PROBLEM DESCRIPTION:
Write the listing below out again exactly, dropping the images.

DATASET EXCERPT:
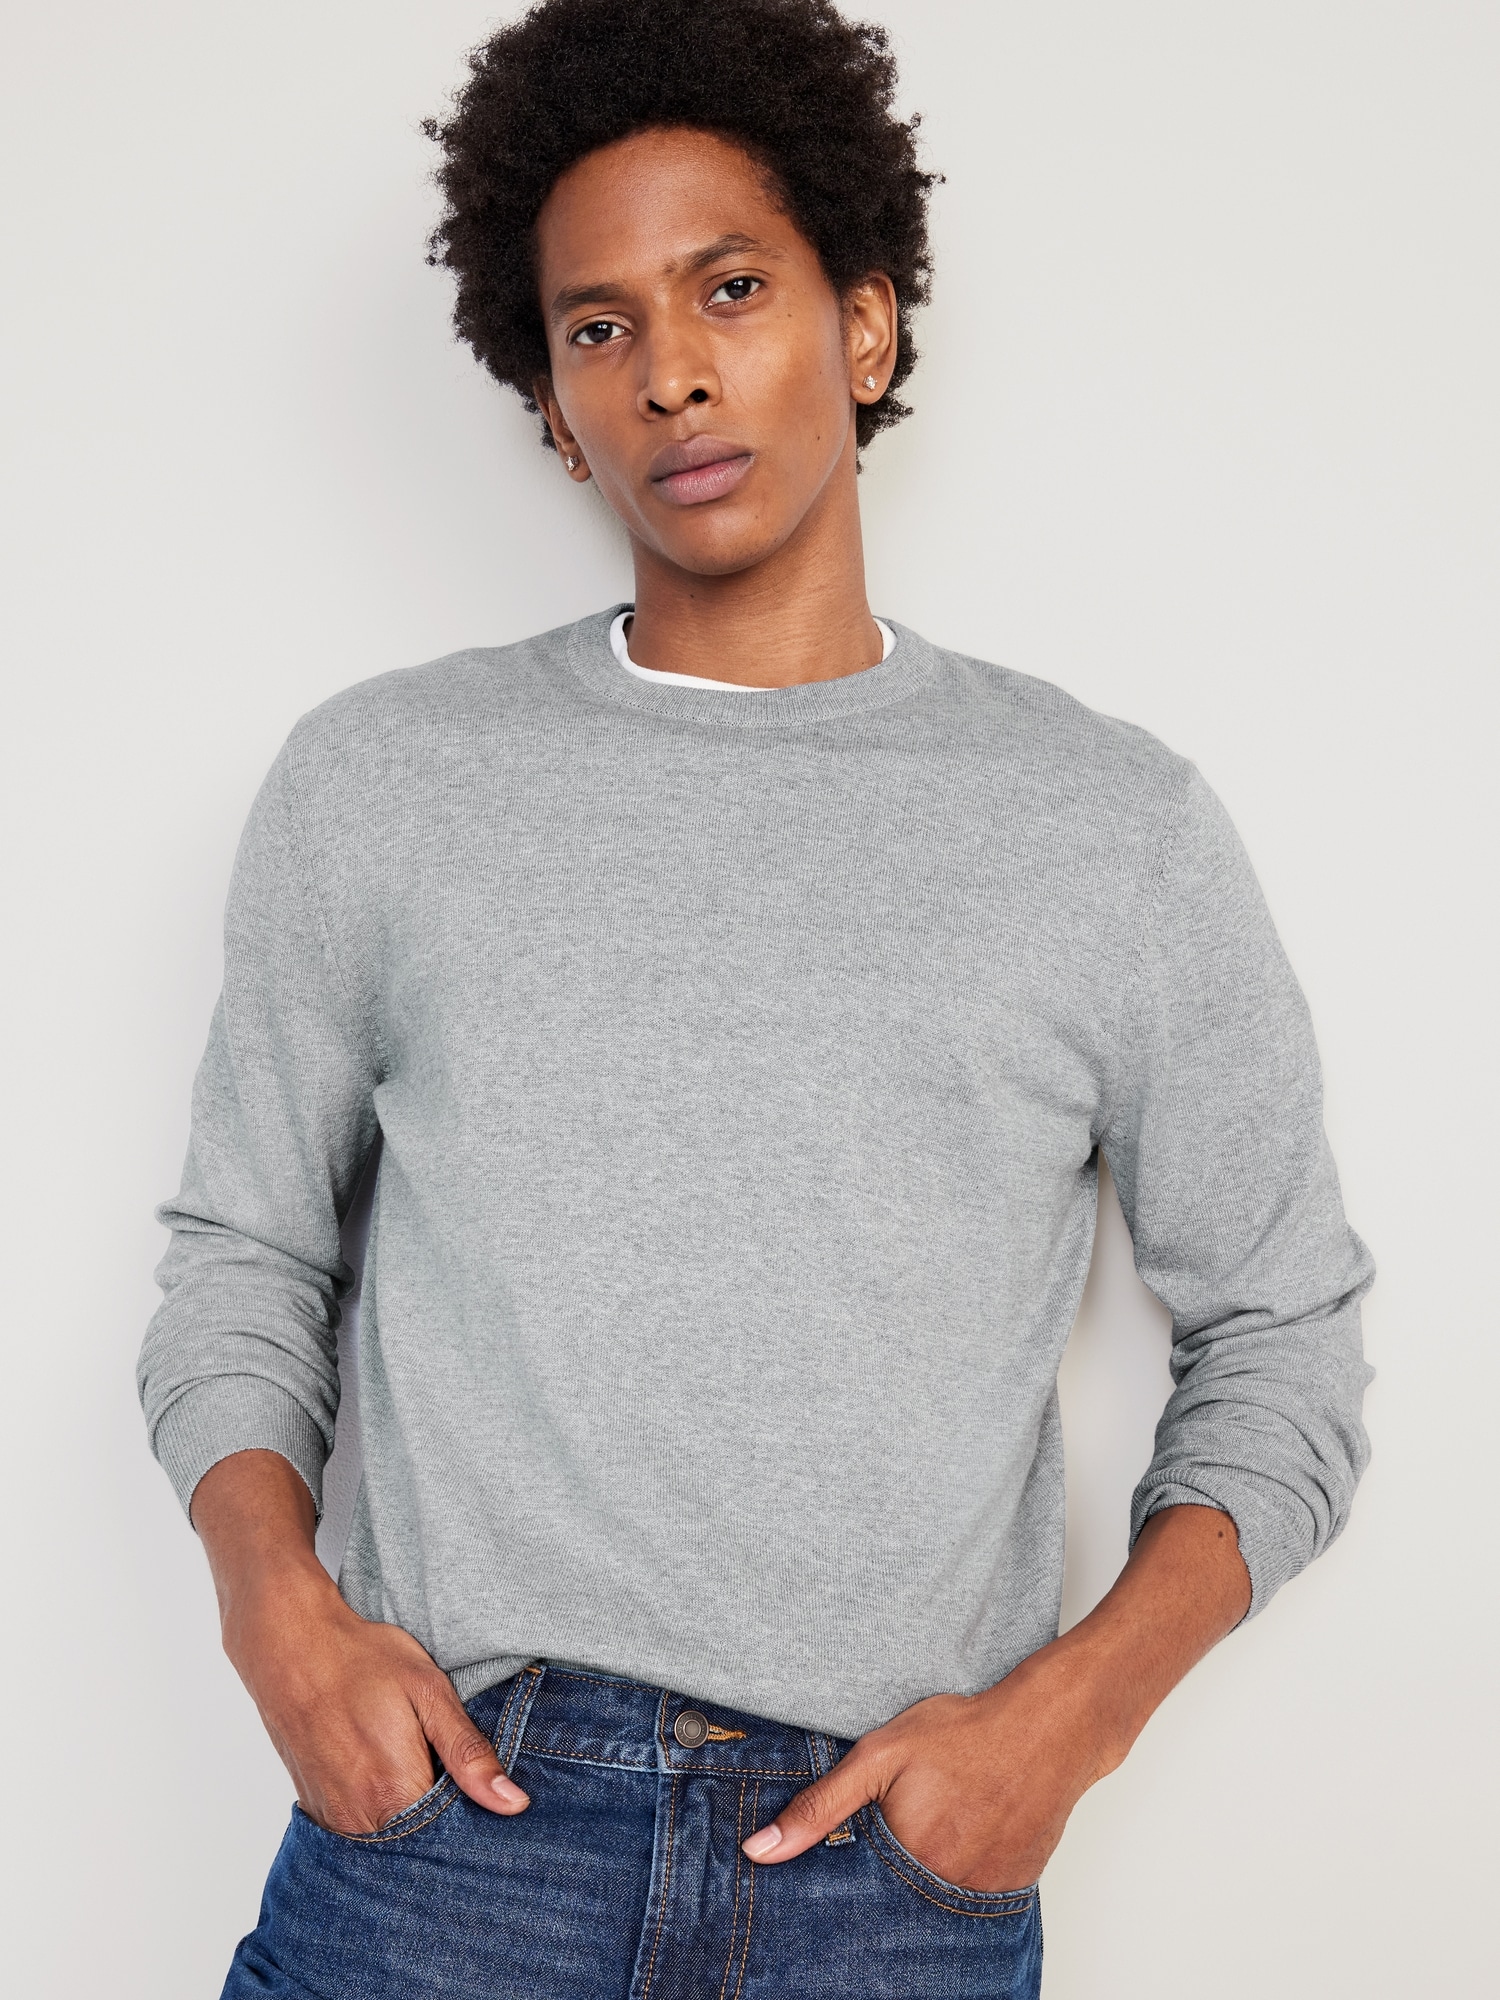 Men's Round Neck Sweatshirts
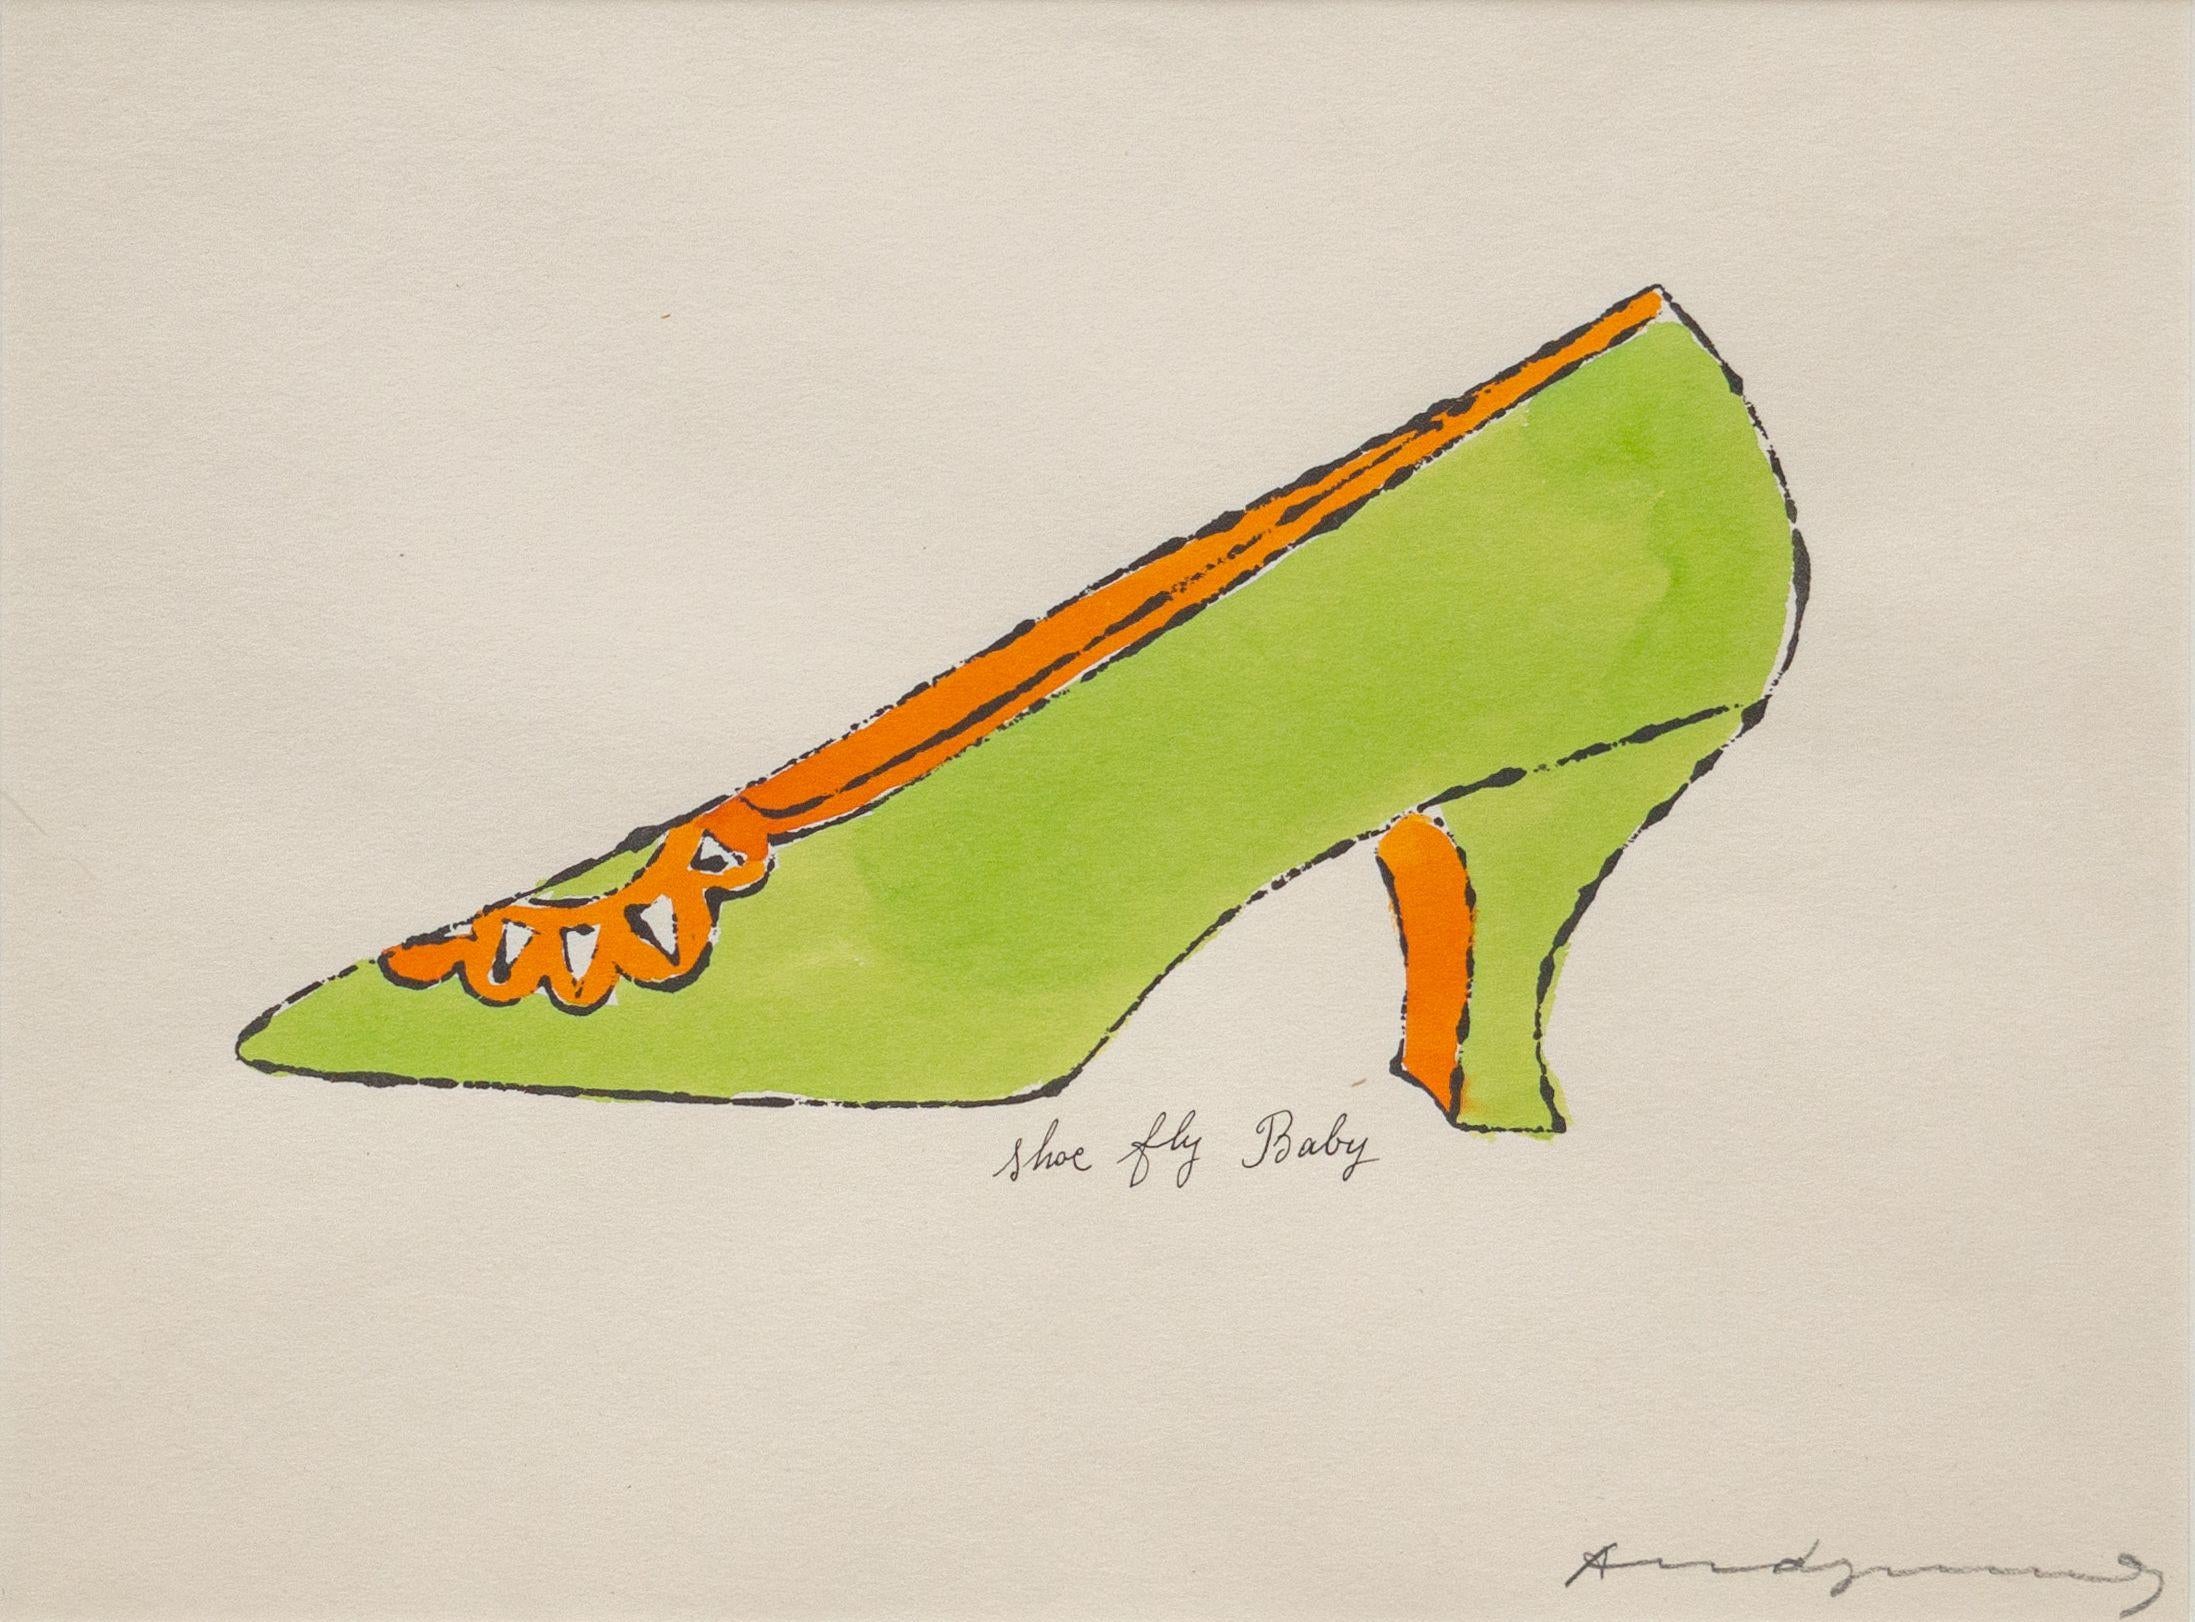 ANDY WARHOL (1928-1987)

L'œuvre d'Andy Warhol "Shoe Fly Baby", tirée de A La Recherche du Shoe Perdu, est une lithographie offset et une aquarelle sur papier conçues en 1955. Elle est signée au crayon, avec toutes les marges, et mesure 9 3/4 x 13

SOLUTION TO THIS EXERCISE:
 Men's Round Neck Sweatshirts
 ANDY WARHOL (1928-1987)

L'œuvre d'Andy Warhol "Shoe Fly Baby", tirée de A La Recherche du Shoe Perdu, est une lithographie offset et une aquarelle sur papier conçues en 1955. Elle est signée au crayon, avec toutes les marges, et mesure 9 3/4 x 13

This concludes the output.